Mengutip Channel News Asia, Kamis, 9 September 2021, adapun fokus langsung tetap pada upaya meredakan efek pukulan ekonomi akibat pandemi covid-19. Permintaan tersebut menampilkan pengeluaran untuk inisiatif jangka panjang seperti investasi hijau dan digitalisasi.
Permintaan itu dikeluarkan beberapa hari setelah pengumuman mengejutkan dari Perdana Menteri Yoshihide Suga yang mengaku tidak akan mencalonkan diri kembali. Ia menyiapkan panggung untuk perdana menteri baru, di tengah meningkatnya seruan untuk lebih banyak pengeluaran guna menghidupkan kembali ekonomi yang dilanda pandemi.
Dari jumlah yang diminta sebesar 111,7 triliun yen (USD1 triliun), pembayaran utang mencapai lebih dari 30 triliun yen untuk membiayai utang publik Jepang, lebih dari dua kali lipat ukuran ekonominya, merupakan yang terbesar di antara negara-negara maju. Permintaan untuk pengeluaran kesejahteraan menyumbang 34 triliun yen, juga merupakan rekor.
"Sudah menjadi tanggung jawab kita untuk menghidupkan kembali ekonomi dan reformasi keuangan, sekaligus mengatasi krisis korona.
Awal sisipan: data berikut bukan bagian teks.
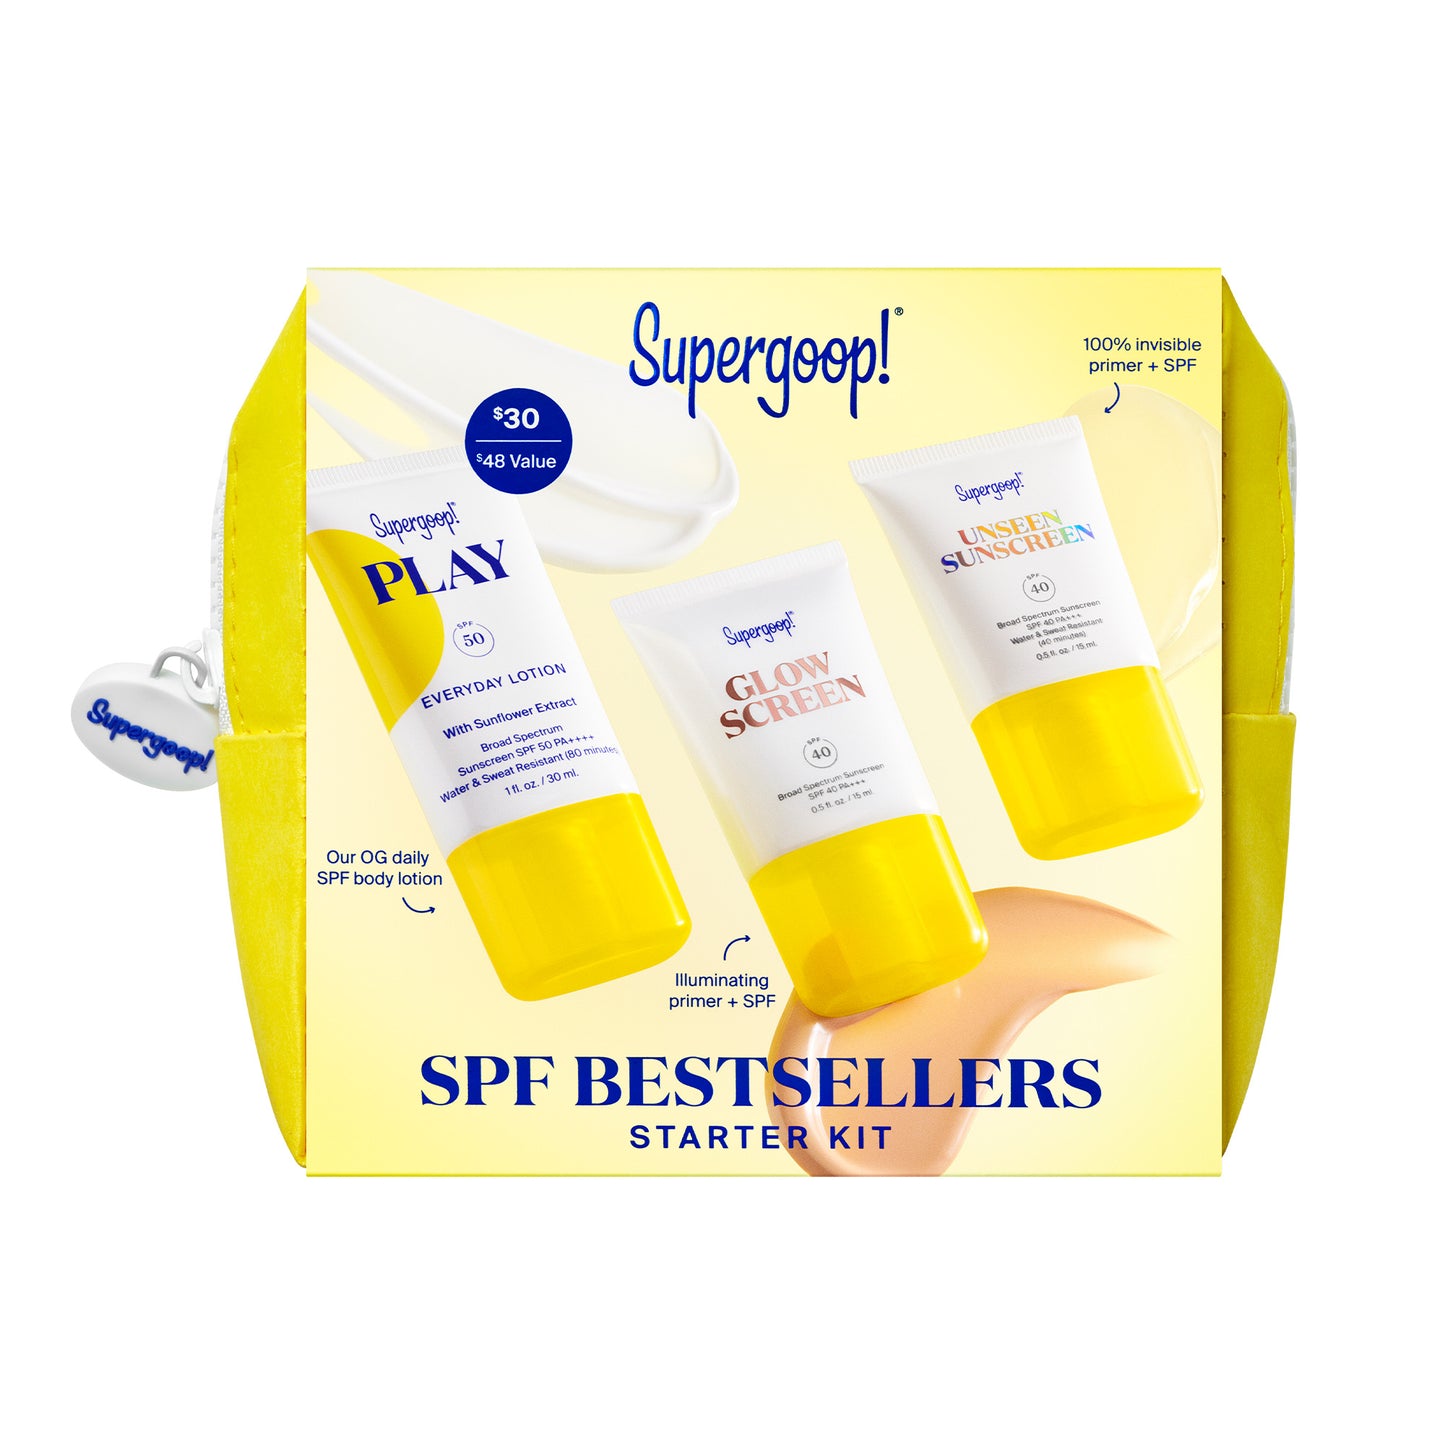 Supergoop! | SPF Bestsellers Kit

Jadwal setelah perlombaan kepemimpinan partai sangat cair, tetapi kami akan melakukan yang terbaik untuk menyusun anggaran tanpa penundaan," kata Menteri Keuangan Jepang Wataru Ito.
Permintaan tersebut juga menampilkan inisiatif hijau, meskipun dalam jumlah yang relatif kecil, seperti bantuan untuk mempromosikan pembelian kendaraan listrik dan subsidi untuk membantu maskapai penerbangan beralih ke bahan bakar jet yang terbuat dari bahan non-minyak.
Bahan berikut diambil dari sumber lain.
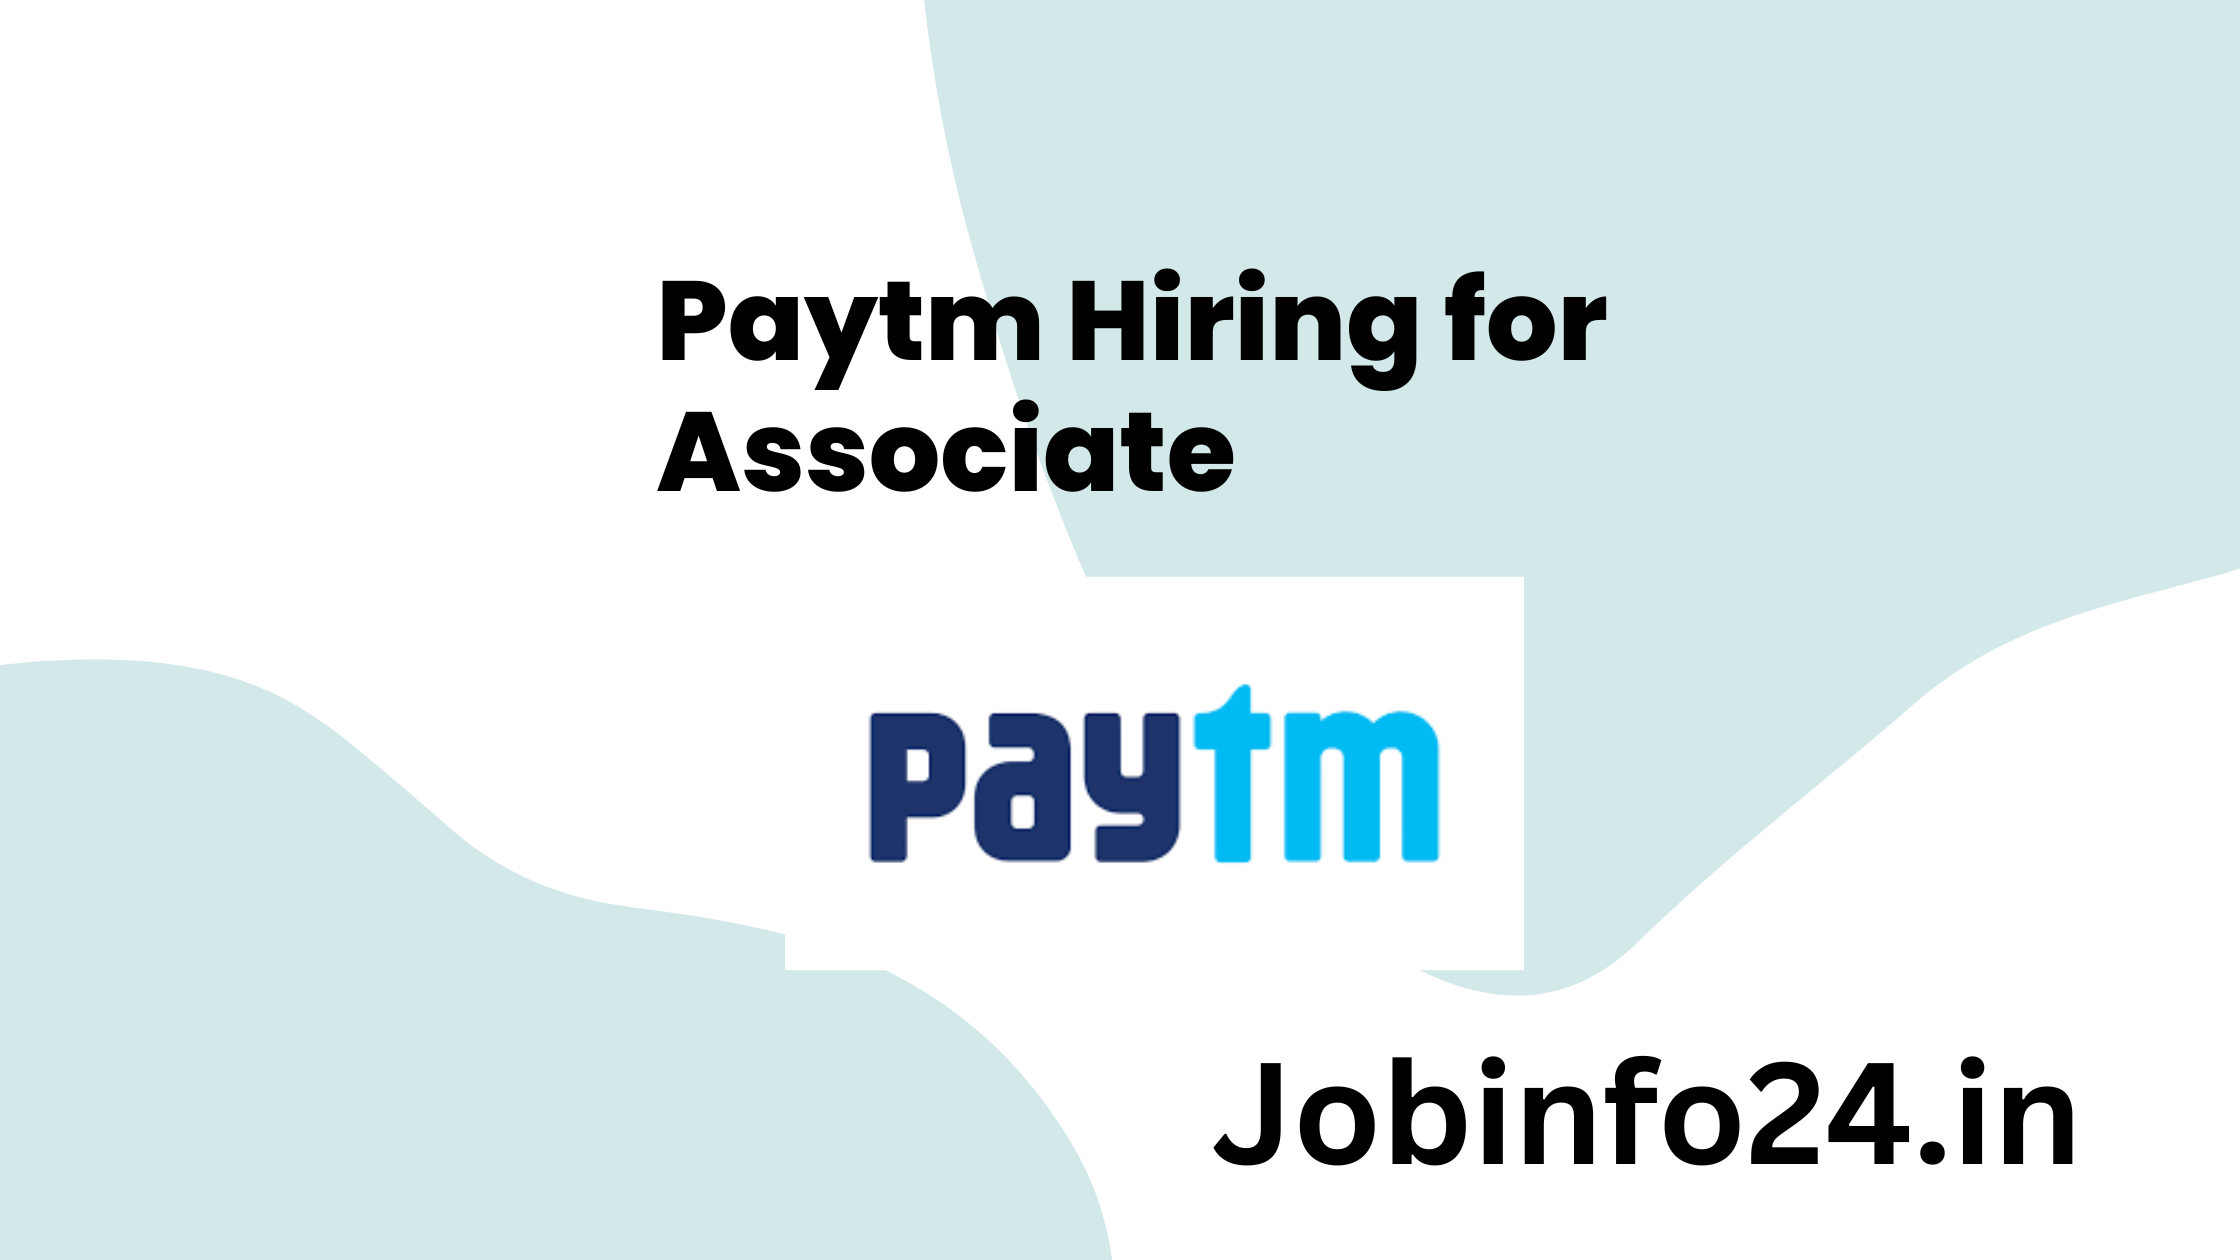 Paytm Hiring for Associate

Kementerian lingkungan meminta sekitar 400 miliar yen, naik 32 persen dari anggaran tahun berjalan dan termasuk langkah-langkah untuk membantu memenuhi janji Jepang untuk mencapai netralitas karbon pada 2050, termasuk subsidi mendukung energi terbarukan dan penetapan harga karbon.
"Permintaan anggaran menyoroti peningkatan pengeluaran untuk dekarbonisasi. Banyak dari permintaan mungkin menargetkan proyek jangka panjang seperti penelitian dan pengembangan. Namun, langkah-langkah anggaran untuk mobil dan perumahan dapat merangsang ekonomi dalam waktu dekat," pungkas Ekonom Nomura Securities Kohei Okazaki.